I didn't like the opponent-guy's "accent" (although Raj's comment about it was funny). Not sure what about it bugged me - it just didn't work for me for some reason....

This episode made me miss BattleBots...is that show still on?


----------



## Fish Man (Mar 4, 2002)

Weak episode.

Howard's mother is always funny, though. I love how she refers to Howard's job as "school", and how Howard takes offense to it.

"The University is a school, isn't it?"


----------



## [NG]Owner (Dec 19, 2006)

Somebody give Kaley a sammich. She looked _way, way_ too thin.

[NG]Owner


----------



## mrmike (May 2, 2001)

The obvious design flaws in MONTE made this a very painful episode for me to watch. Which I suppose proves that I'm solidly in the "creepy, pathetic" wheelhouse.
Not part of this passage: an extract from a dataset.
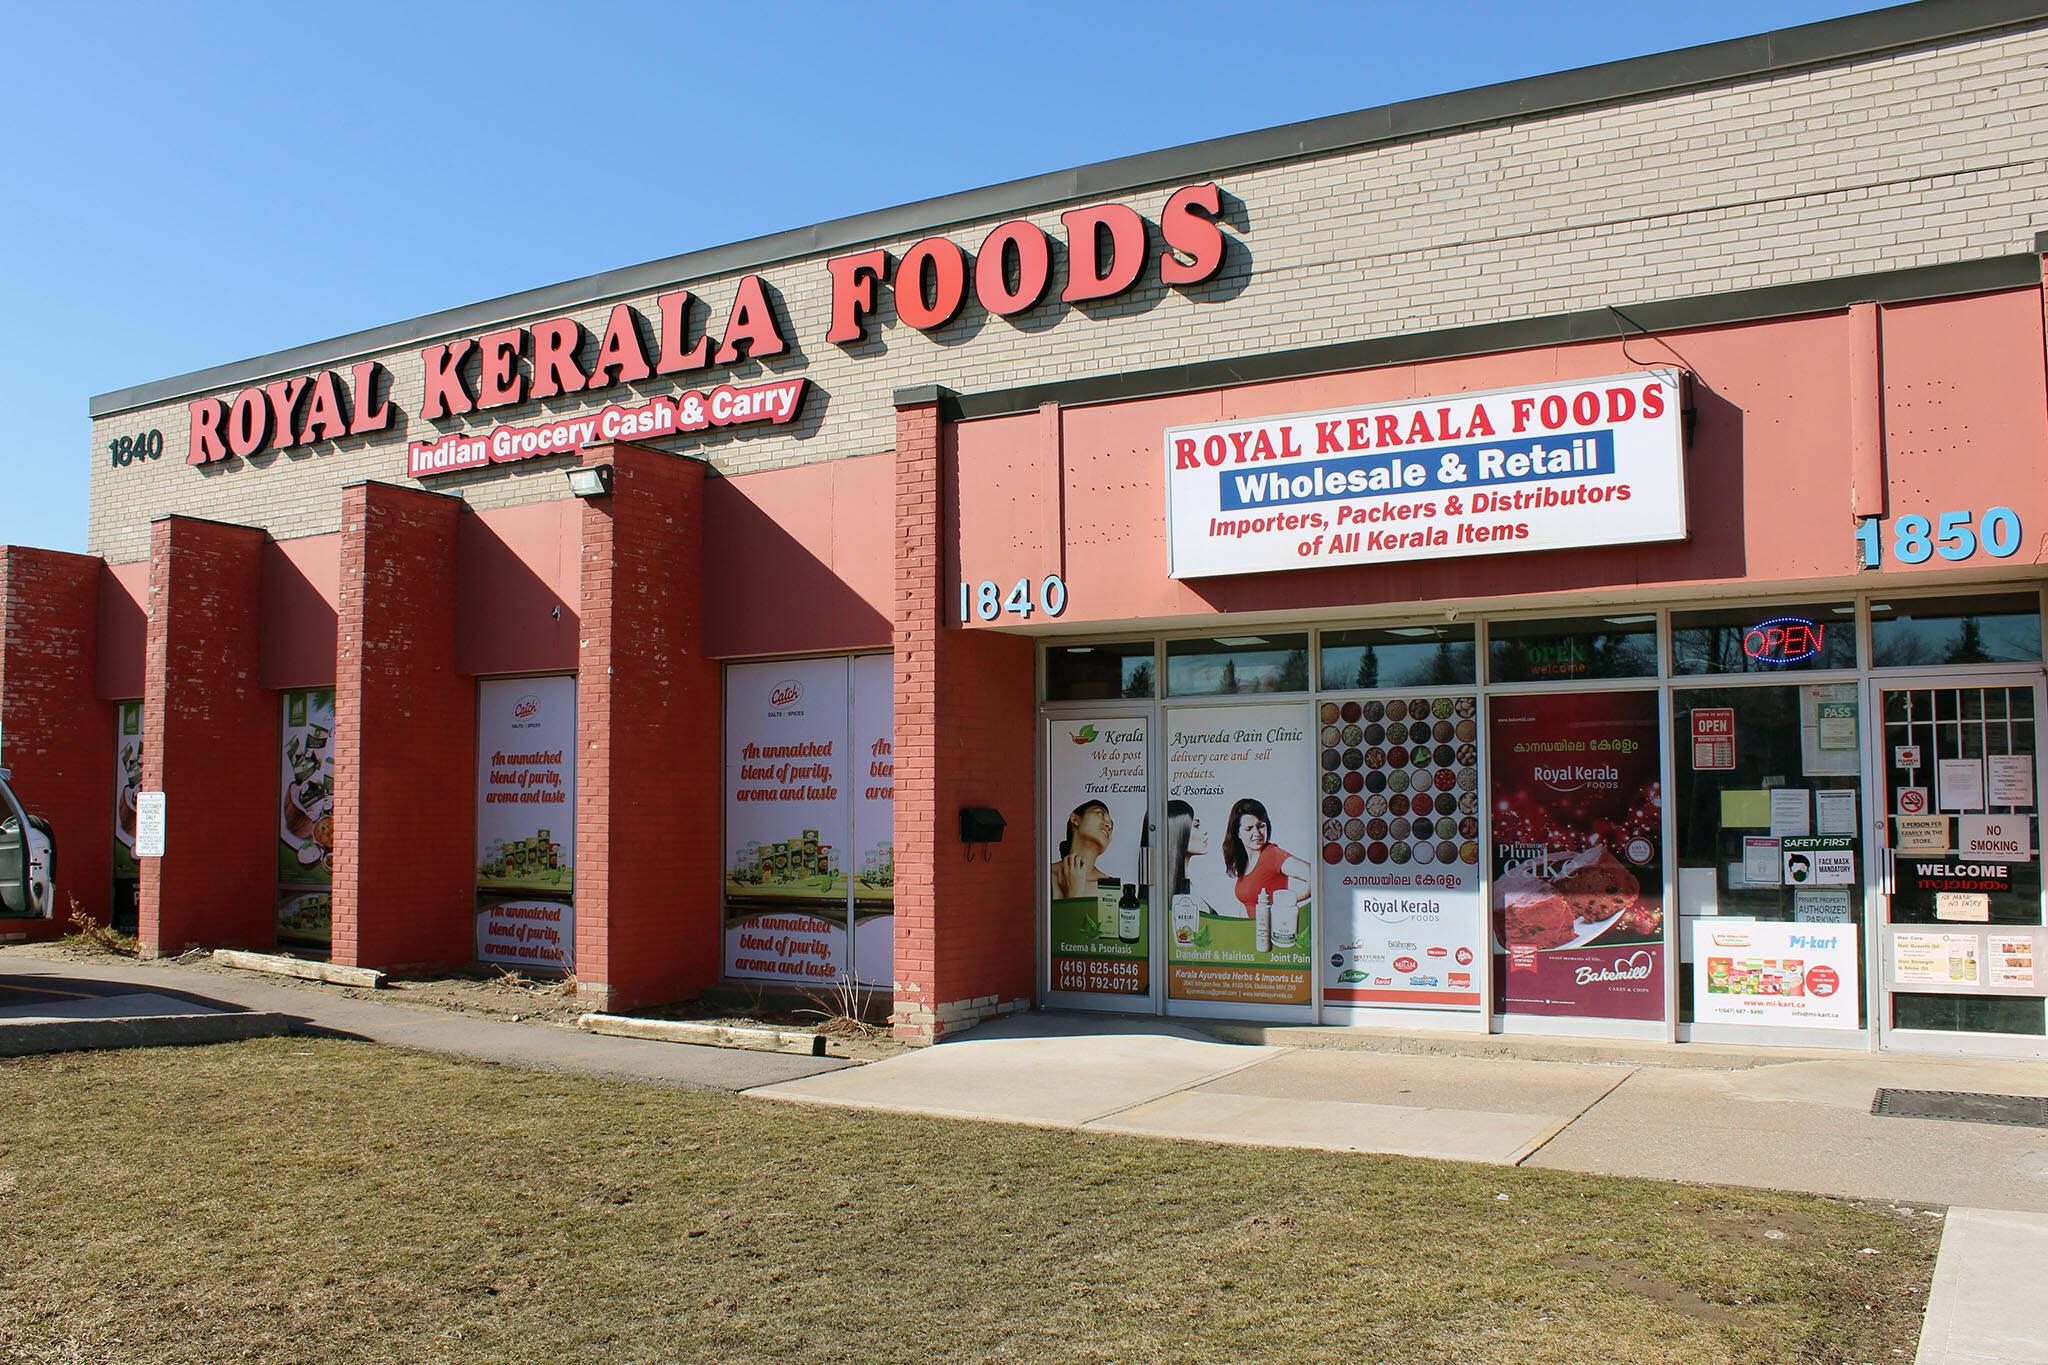 royal kerala foods toronto

And what's with the apartment doors being made of wood? And the riveted panels are just more wood? Cheesy.


----------



## dianebrat (Jul 6, 2002)

I actually thought it was both a cheap laugh to have him have the speech issue, but it was very impressive that the guys did not see it or make fun of it, for them, it was a non-issue.

If they point the writers were making was that these geeks are above that petty cheap shot teasing him on the speech, then I give them a bravo..


----------



## JYoung (Jan 16, 2002)

Howard attempting to french kiss Penny in HD was scccaaaaarrryyyyyyy.


----------



## Ment (Mar 27, 2008)

[NG]Owner;6990612 said:


> Somebody give Kaley a sammich. She looked _way, way_ too thin.
> 
> [NG]Owner


Agreed, cause I want to see some jelly shake..


----------



## Alfer (Aug 7, 2003)

Agree...very weak episode last night.


----------



## scsiguy72 (Nov 25, 2003)

hapdrastic said:


> This episode made me miss BattleBots...is that show still on?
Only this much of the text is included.